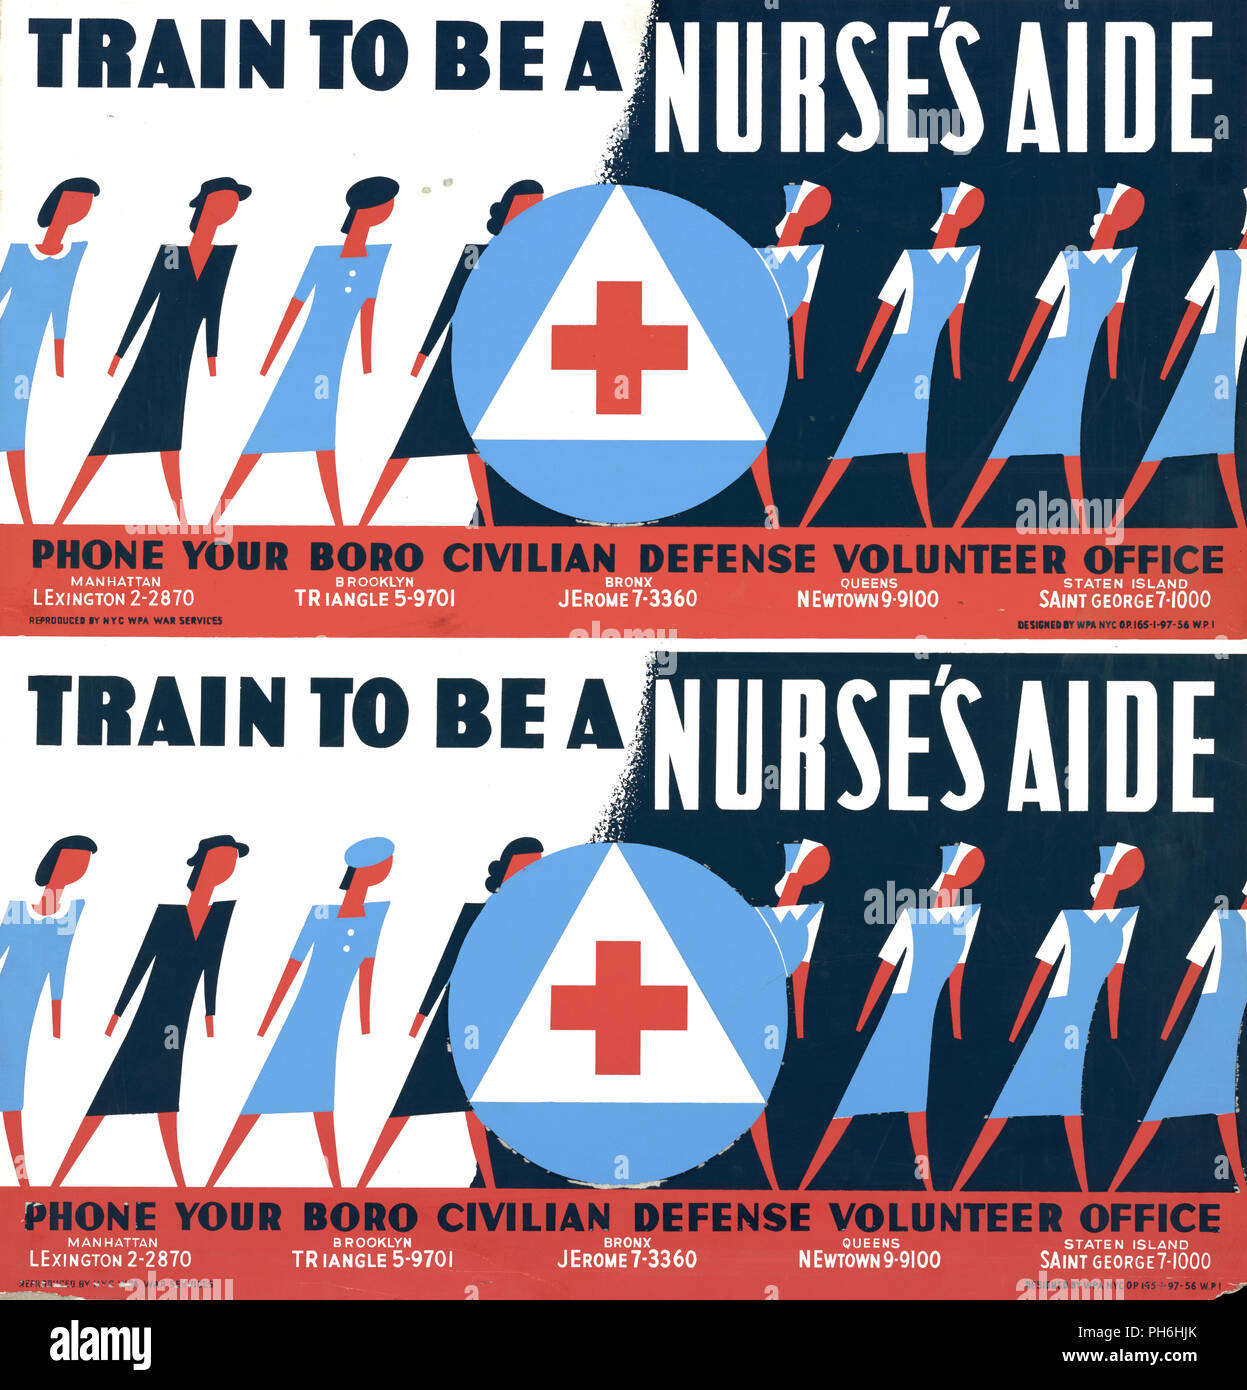 Poster encouraging women to become nurses' aides for the Civilian Defense Volunteer Office, showing women in civilian dress and nurse's uniforms. Stock Photo
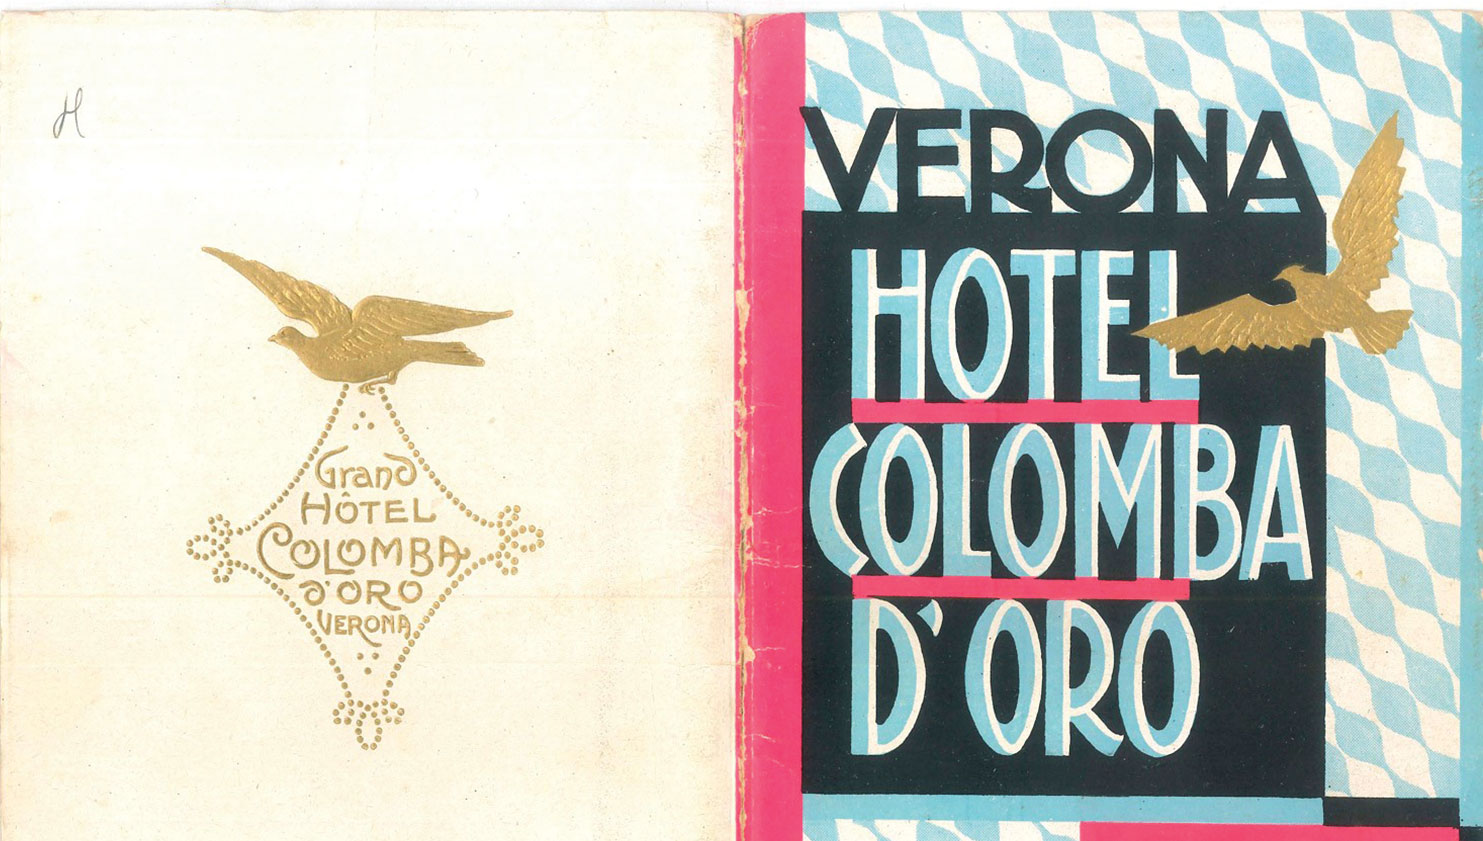 Vintage posters of Hotel Colomba d'Oro, Verona
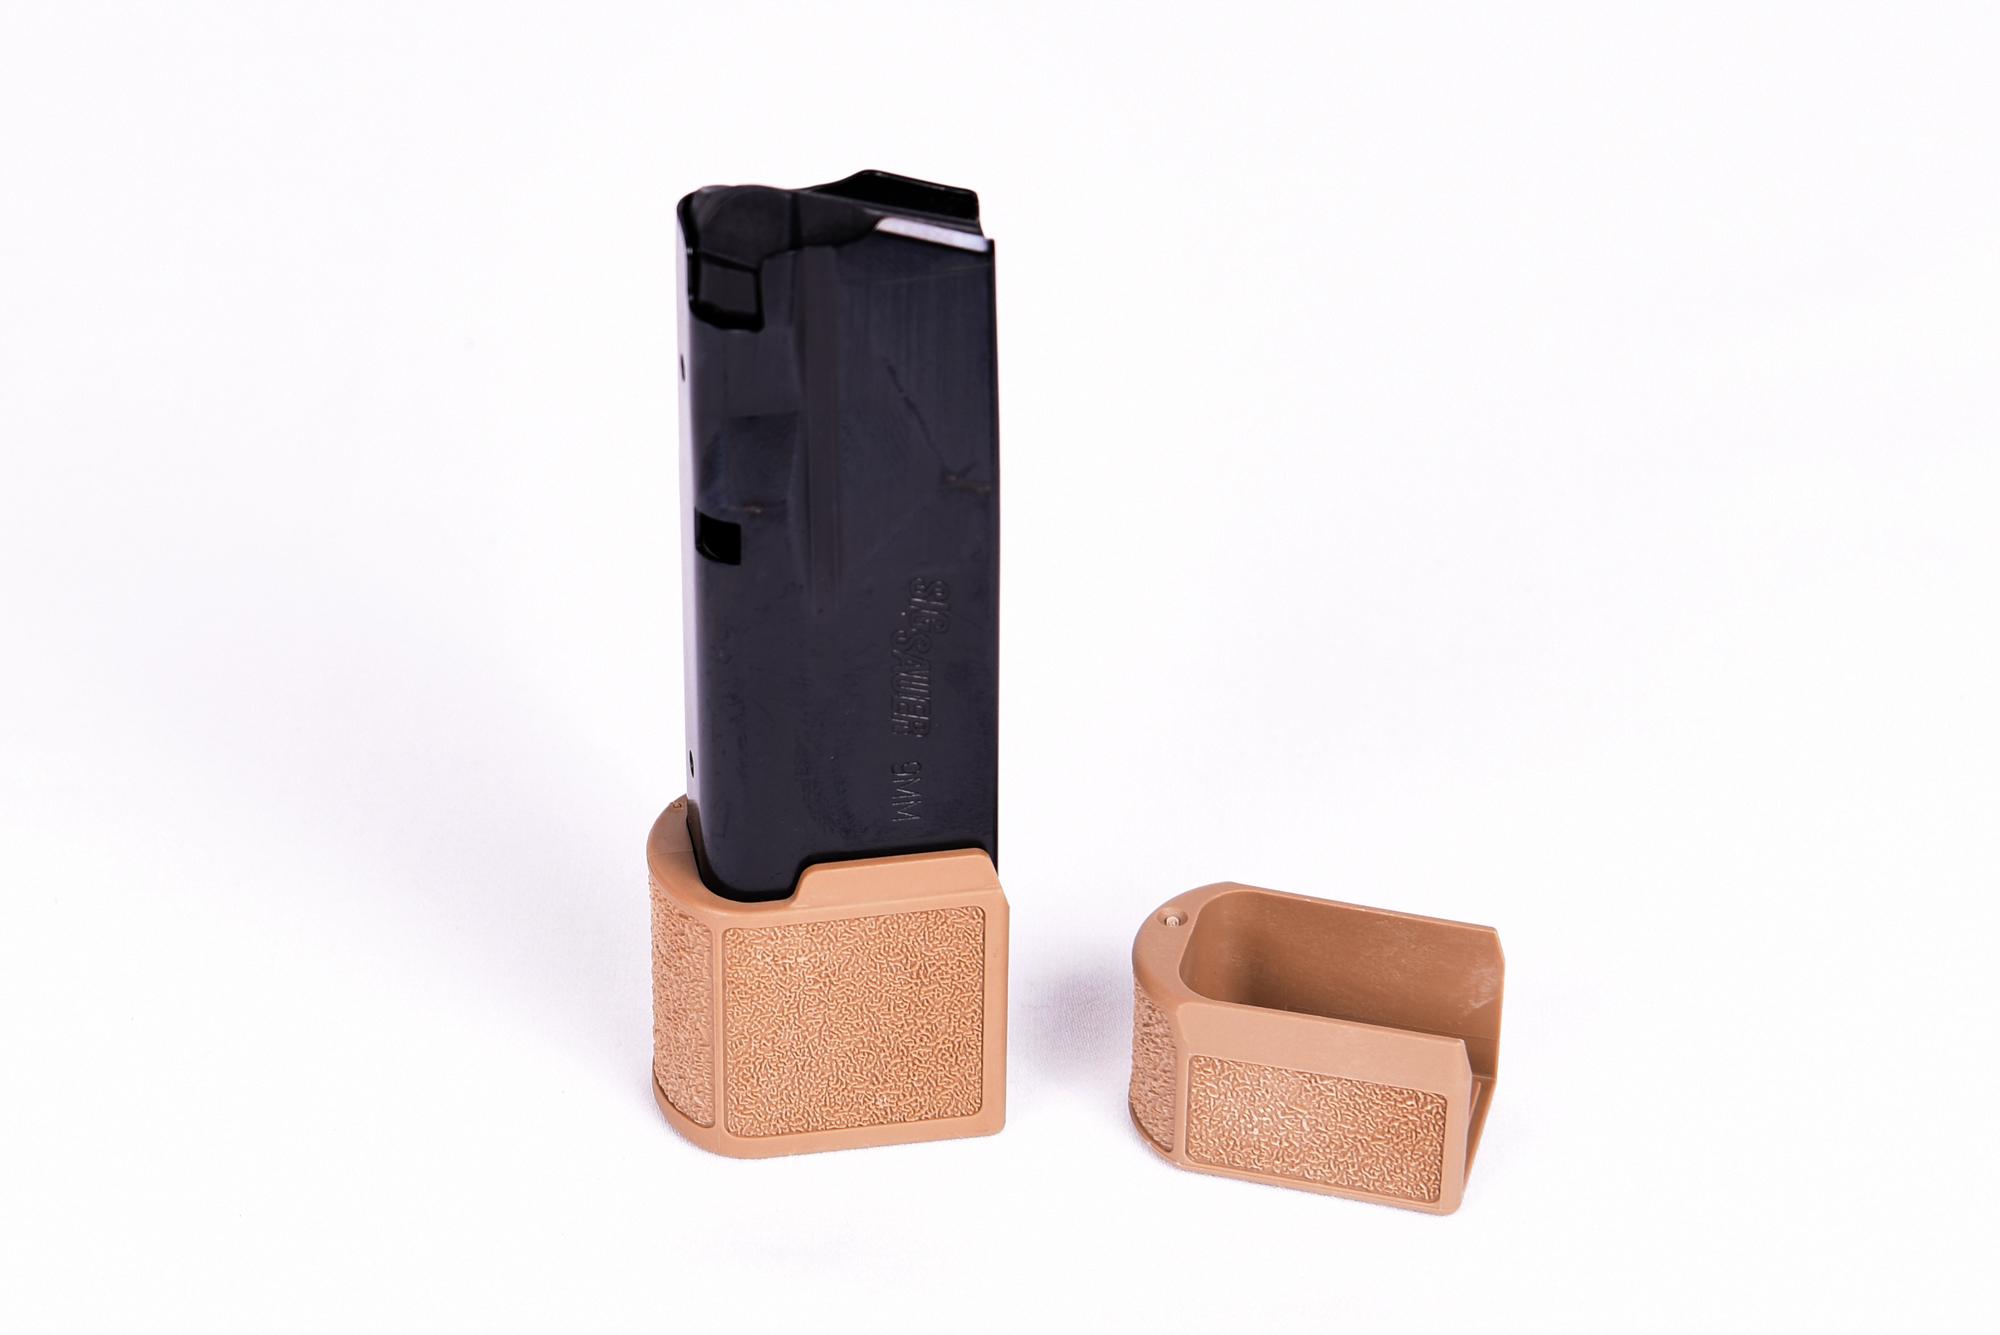 MAGAZINE P365 9MM 15RD COYOTE | MAG-365-9-15-COY
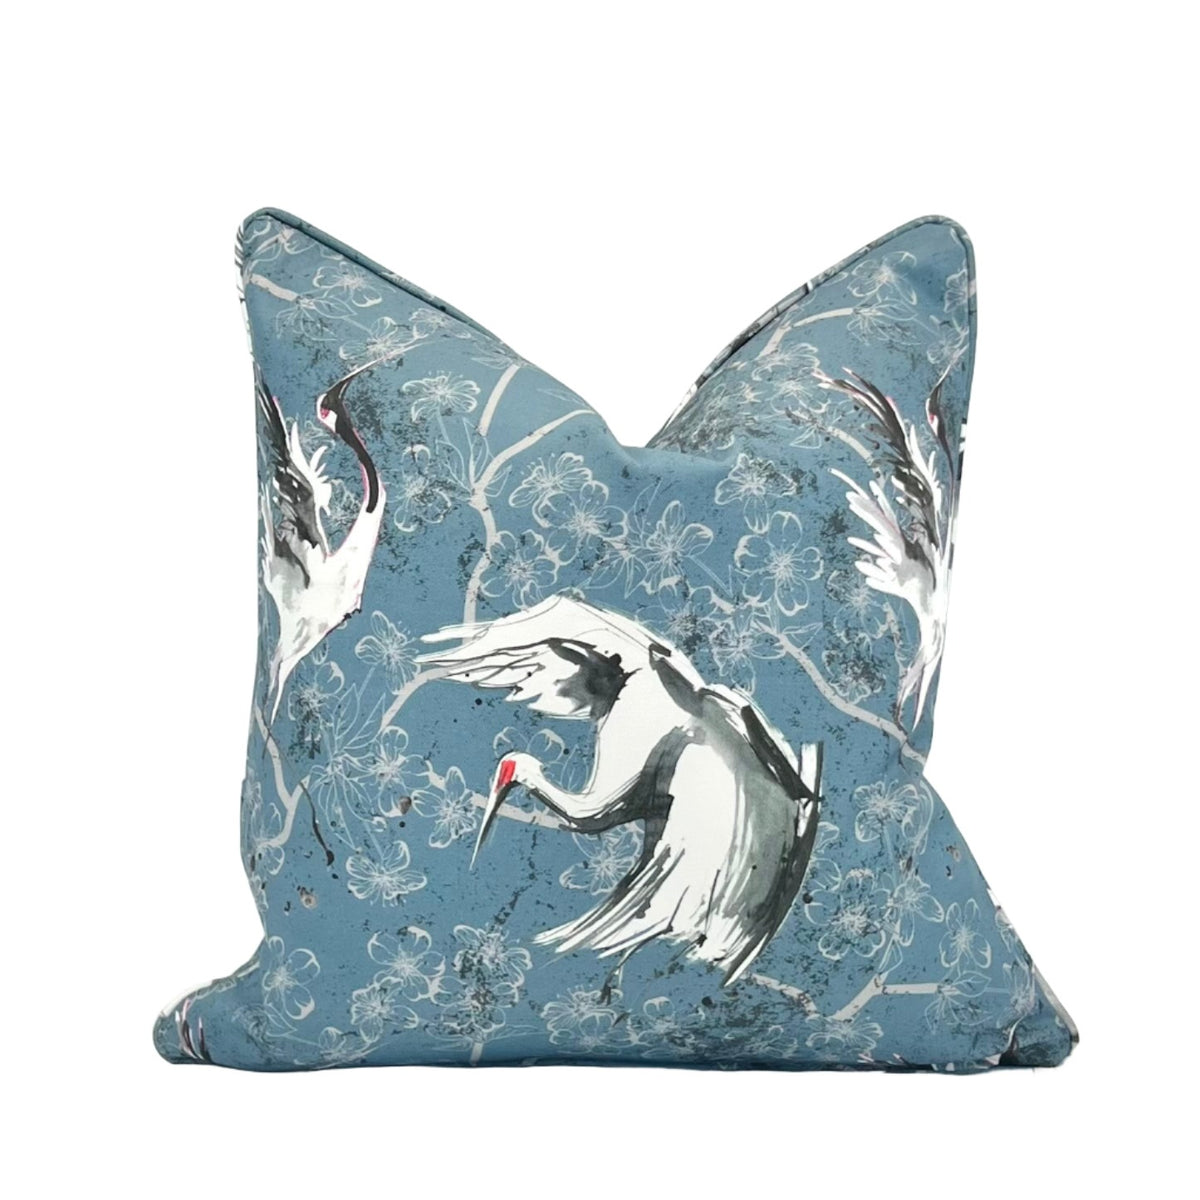 Decorative Pillow Cover in Chinoiserie Water Colored Herons/Cranes and Cherry Blossoms

+--

Task>
Repeat the data word for word, excluding any image.

Answer space>
 Poster encouraging women to become nurses' aides for the Civilian Defense Volunteer Office, showing women in civilian dress and nurse's uniforms. Stock Photo
 Vintage posters of Hotel Colomba d'Oro, Verona
 MAGAZINE P365 9MM 15RD COYOTE | MAG-365-9-15-COY
 Decorative Pillow Cover in Chinoiserie Water Colored Herons/Cranes and Cherry Blossoms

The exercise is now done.